Scan the entries below. Report each line where the string "Unframed" occurs.

(THE RECORDS begins)

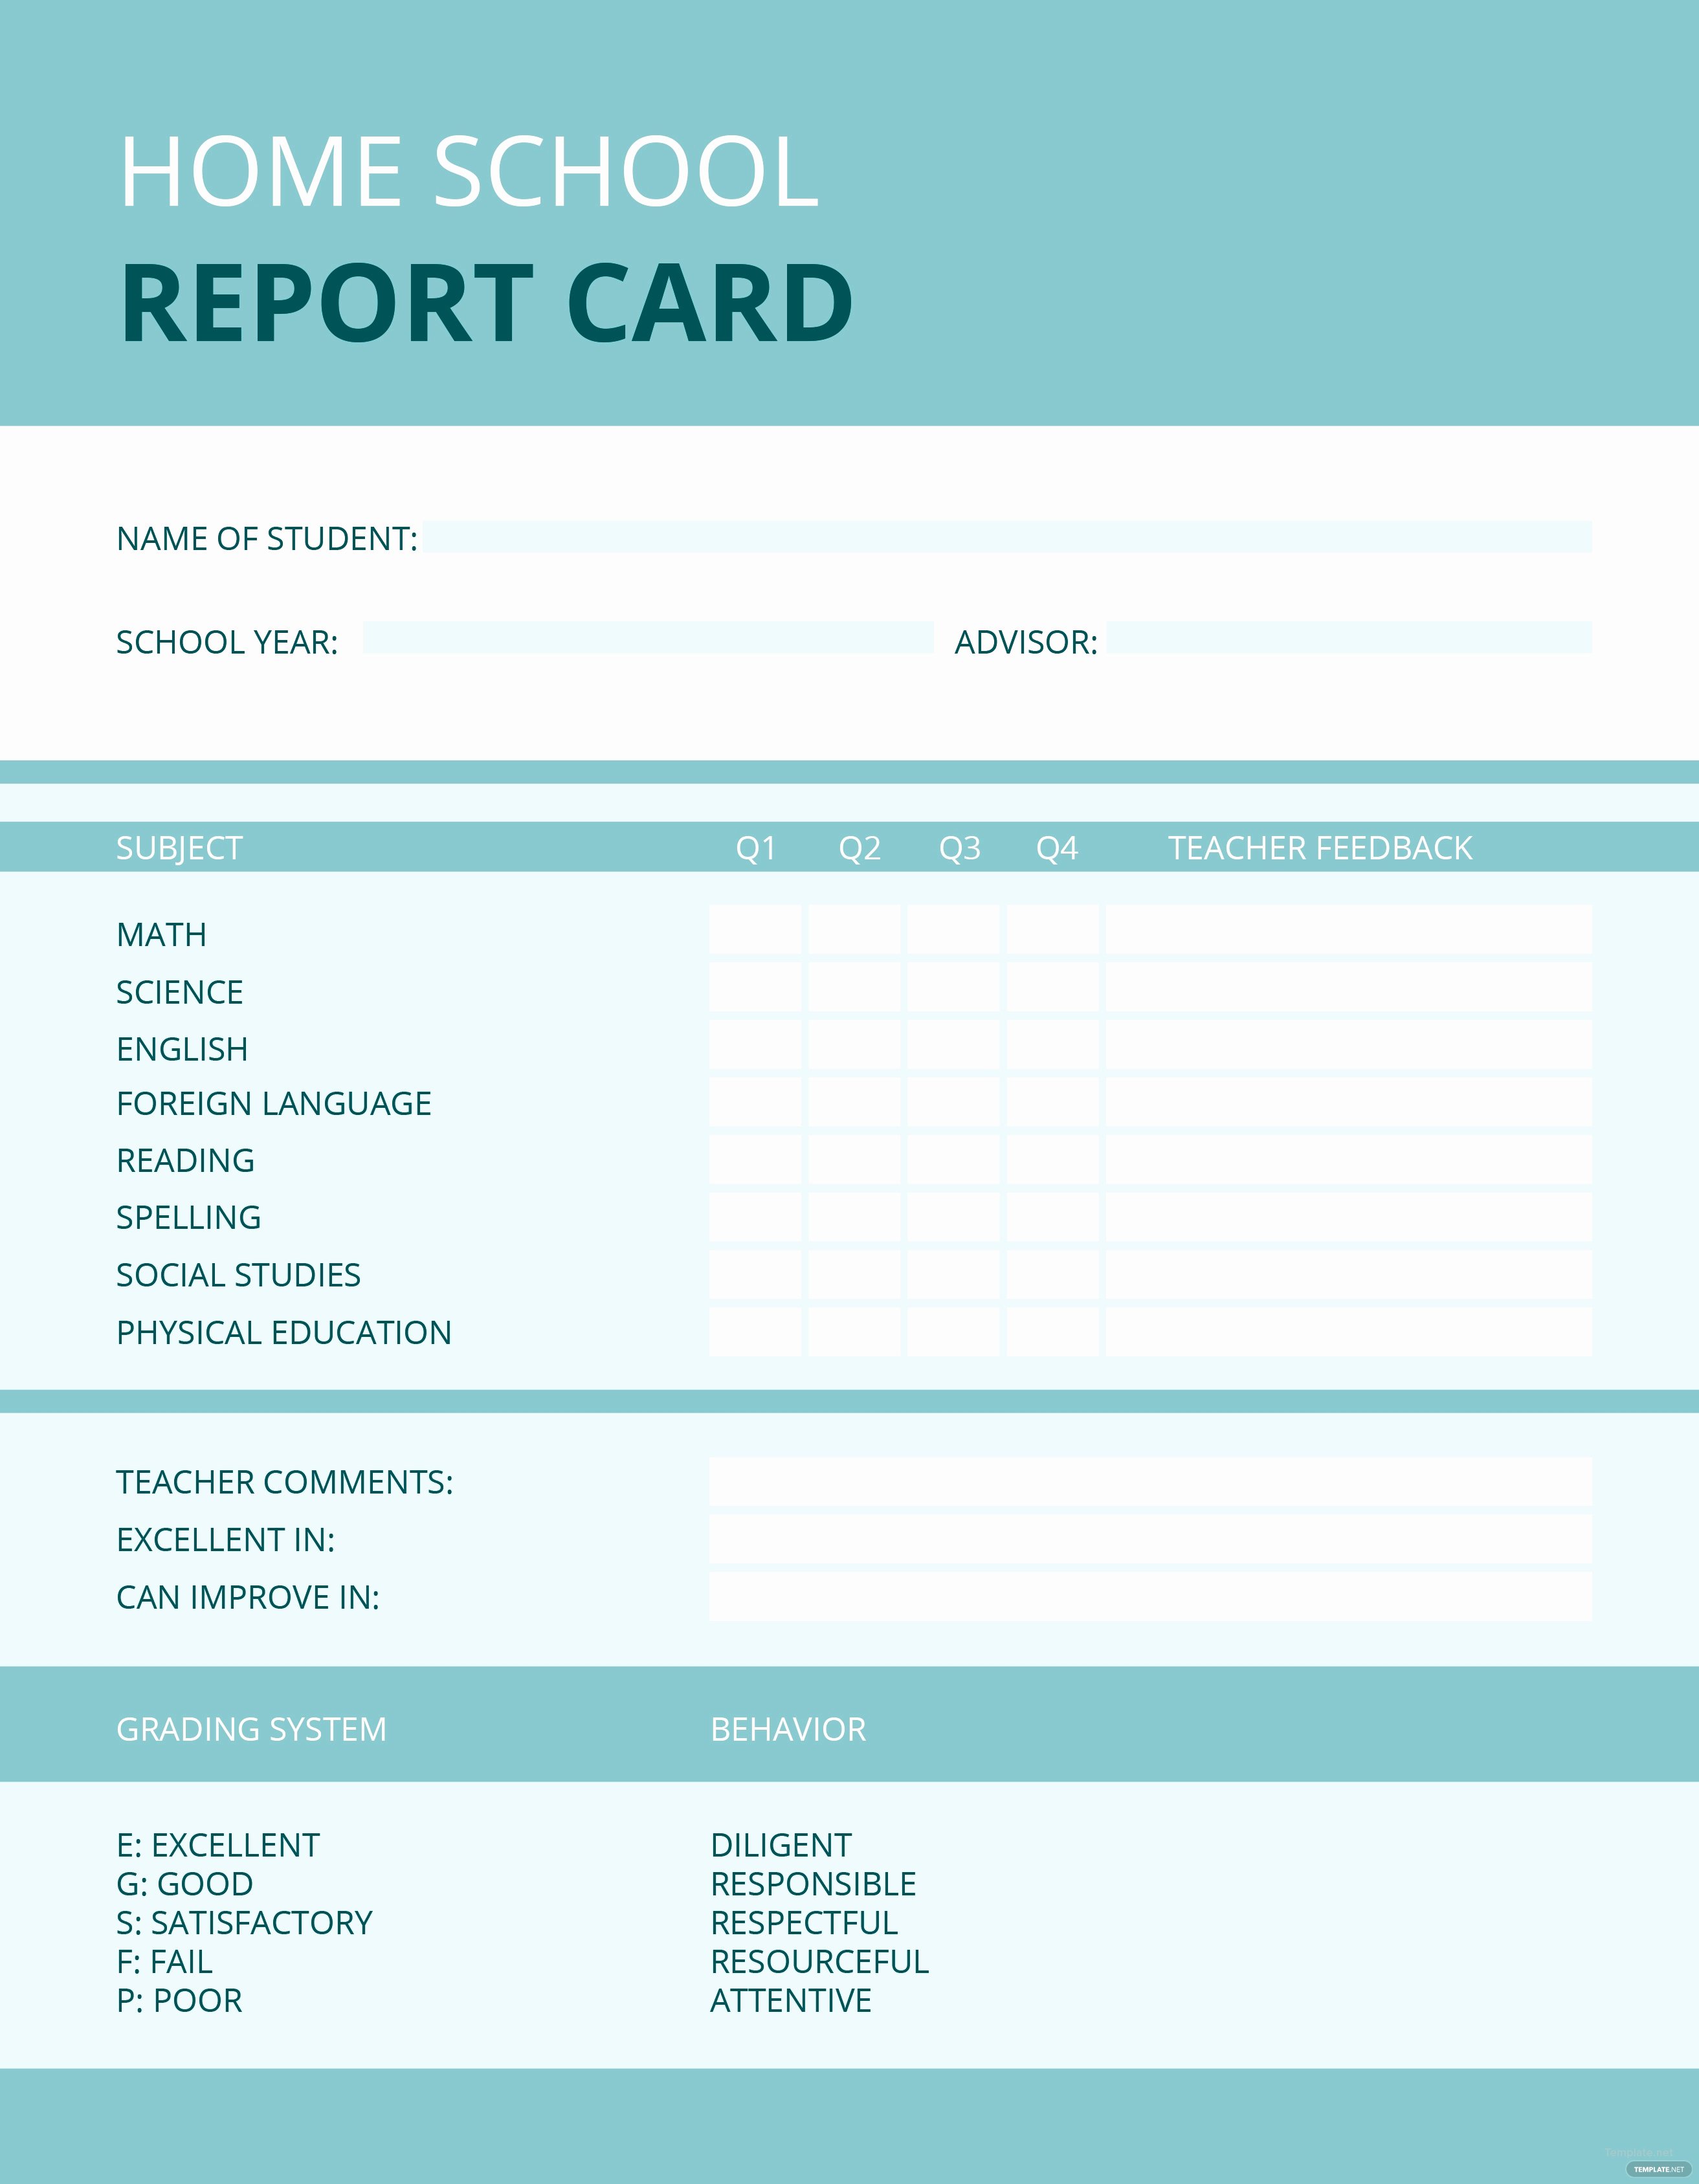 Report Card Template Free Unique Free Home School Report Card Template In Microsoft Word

(THE RECORDS ends)
(THE RECORDS begins)

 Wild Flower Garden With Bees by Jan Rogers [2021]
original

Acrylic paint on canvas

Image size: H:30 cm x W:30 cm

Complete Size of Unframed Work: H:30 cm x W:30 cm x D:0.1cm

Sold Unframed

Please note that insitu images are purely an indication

(THE RECORDS ends)
(THE RECORDS begins)

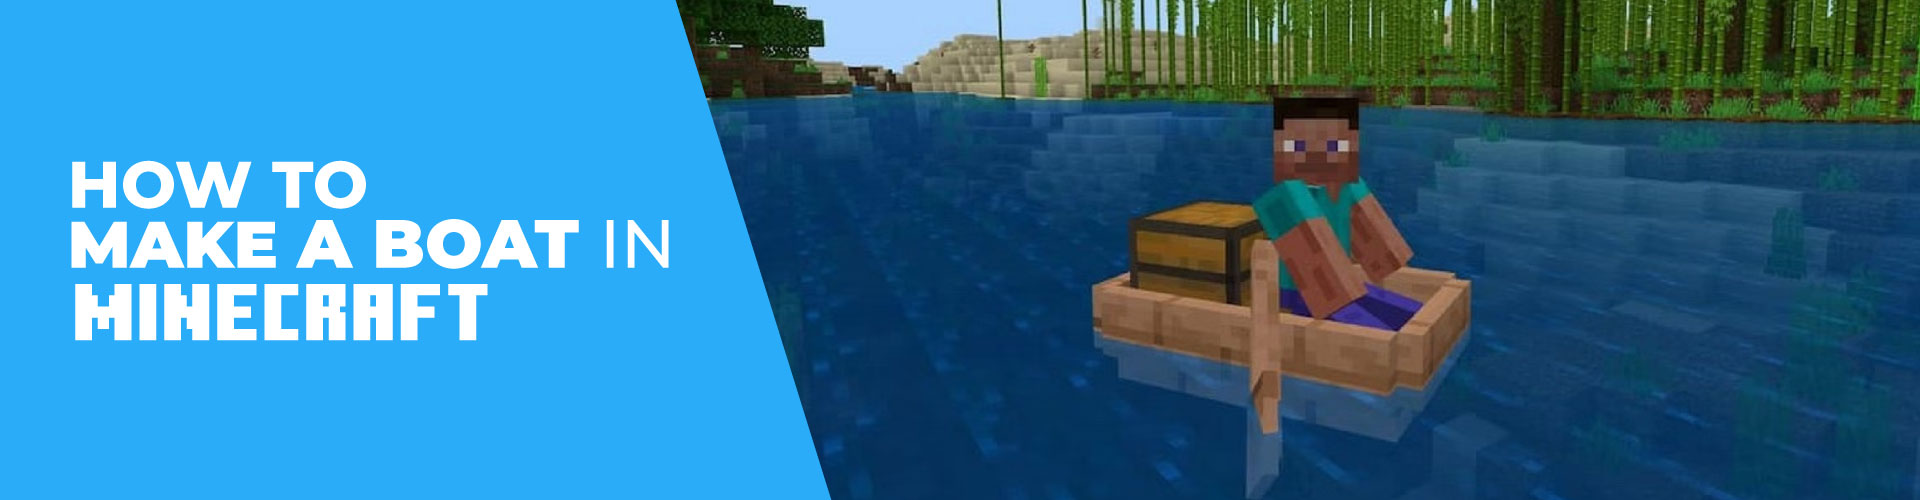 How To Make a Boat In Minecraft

(THE RECORDS ends)

TASK RESPONSE.
Complete Size of Unframed Work: H:30 cm x W:30 cm x D:0.1cm
Sold Unframed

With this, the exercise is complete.